On December 18, 2019, Wuhan Central Hospital admitted a patient with common winter flu season symptoms: a 65-year-old man with fever and pneumonia. Ai Fen, director of the emergency department, oversaw a typical treatment plan, including antibiotics and flu medication.
Six days later, the patient was still ill, and Ai was puzzled, according to news reports and a detailed reconstruction of that time period by evolutionary biologist Michael Worobey. The respiratory service decided to try to identify the culprit pathogen by reading its genetic code, a process called sequencing. They flushed part of the patient’s lungs with saline, collected the fluid, and sent the sample to a biotech company. On December 27, the hospital got the results: the man had contracted a novel coronavirus closely related to the one that caused the SARS outbreak that began 17 years earlier.
The original SARS virus was sequenced five months following the first cases were recorded. This type of traditional sequencing reads the complete genetic code, or genome, of a single organism at a time, which must first be carefully isolated from a sample. Researchers hired by Wuhan Central Hospital were able to map the new virus so quickly using a more demanding technique called metagenomic sequencing, which reads the genomes of each organism in one sample at a time – without such lengthy preparation. While the traditional approach is to locate a single book on a shelf and copy it, metagenomic sequencing is to grab all the books on the shelf and scan them all at once.
This ability to quickly read a range of genomes has proven useful in fields ranging from ecology to cancer treatment. And the COVID-19 pandemic has prompted some researchers to use metagenomics to try to detect and respond to new diseases earlier — before they become epidemics, and potentially before they even infect people. folks. Some of these experts say the early spread of COVID-19 in the United States might have been stopped more quickly if the medical community had applied this technology.
“If metagenomic sequencing had been done more systematically, we might have known what it was when there were only 20 infections,” in the US, said biochemistry professor Joe DeRisi and biophysics at the University of California, San Francisco and president of the Chan Zuckerberg Biohub, a nonprofit research center.
But while the raw power of metagenomics is clear, using it to quell potential pandemics presents challenges. The technique requires intensive computer processing, which makes it more expensive than some others, and requires greater expertise to interpret the results. Using the wealth of data produced by metagenomics to guide treatment also raises dilemmas for medical decision-making when, for example, it is unclear whether a certain pathogen causes a certain disease.

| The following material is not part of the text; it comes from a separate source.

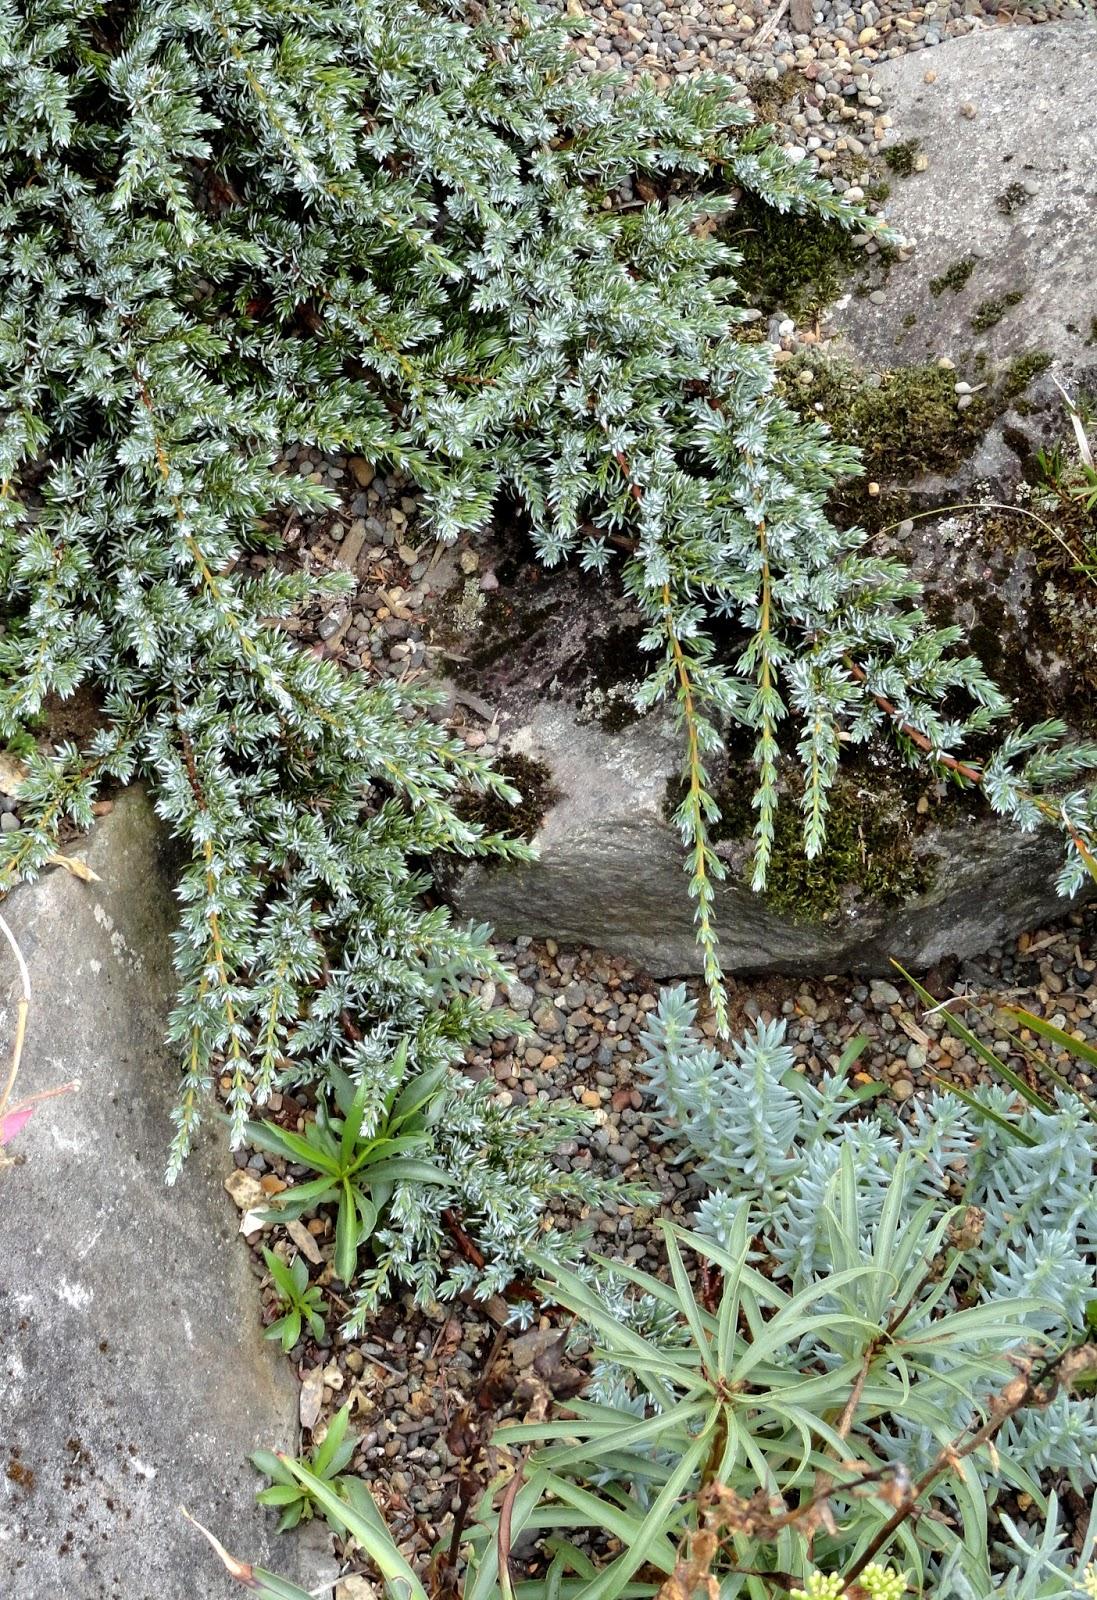 Danger Garden Garden Visit Greg Shepherd Of Xera Plants At Home

Still, advocates say the costs are worth it. “Metagenomics plays a critical role in pandemic preparedness, looking for the things we don’t know how to look for,” said Jessica Manning, infectious disease researcher at the National Institute of Allergy and Infectious Diseases.

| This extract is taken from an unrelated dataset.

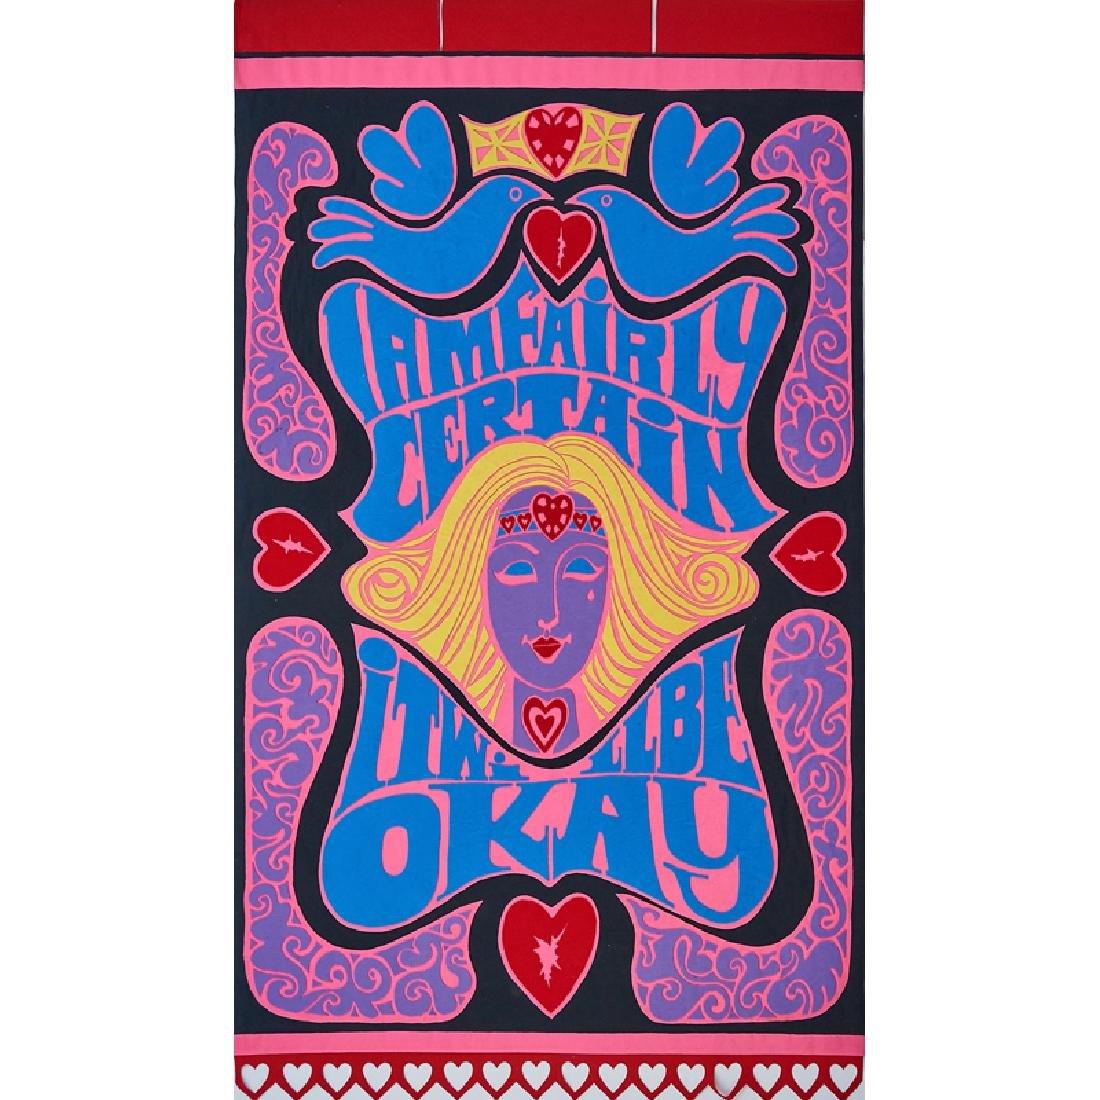 AMY GARTRELL (American, b. 1974)

The rise of metagenomics over the past two decades is due in part to advances in genome sequencing. To read the contents of the genome, researchers first isolate the molecules that store genetic information, DNA and RNA, which are long strings of nucleotides, the letters of the genetic library. Then they cut the long molecules into shorter pieces and read the order of the letters in each piece. Finally, they combine the shorter “reads” to reconstruct the complete genome.
Over the past 40 years, innovation, especially automation, has dramatically improved every part of this process. The Human Genome Project, launched in 1990, took more than a decade of coordinated work between 20 research groups and cost around $1 billion. Today, a human genome can be sequenced more accurately, for less than one millionth the cost, by a scientist in a day.
As technology improved, researchers began trying to sequence many organisms at once, a complex task that requires understanding how millions of short reads fit together to create any number of genomes. . Eventually, the researchers wrote sophisticated software that might sort the sequences using powerful computer networks.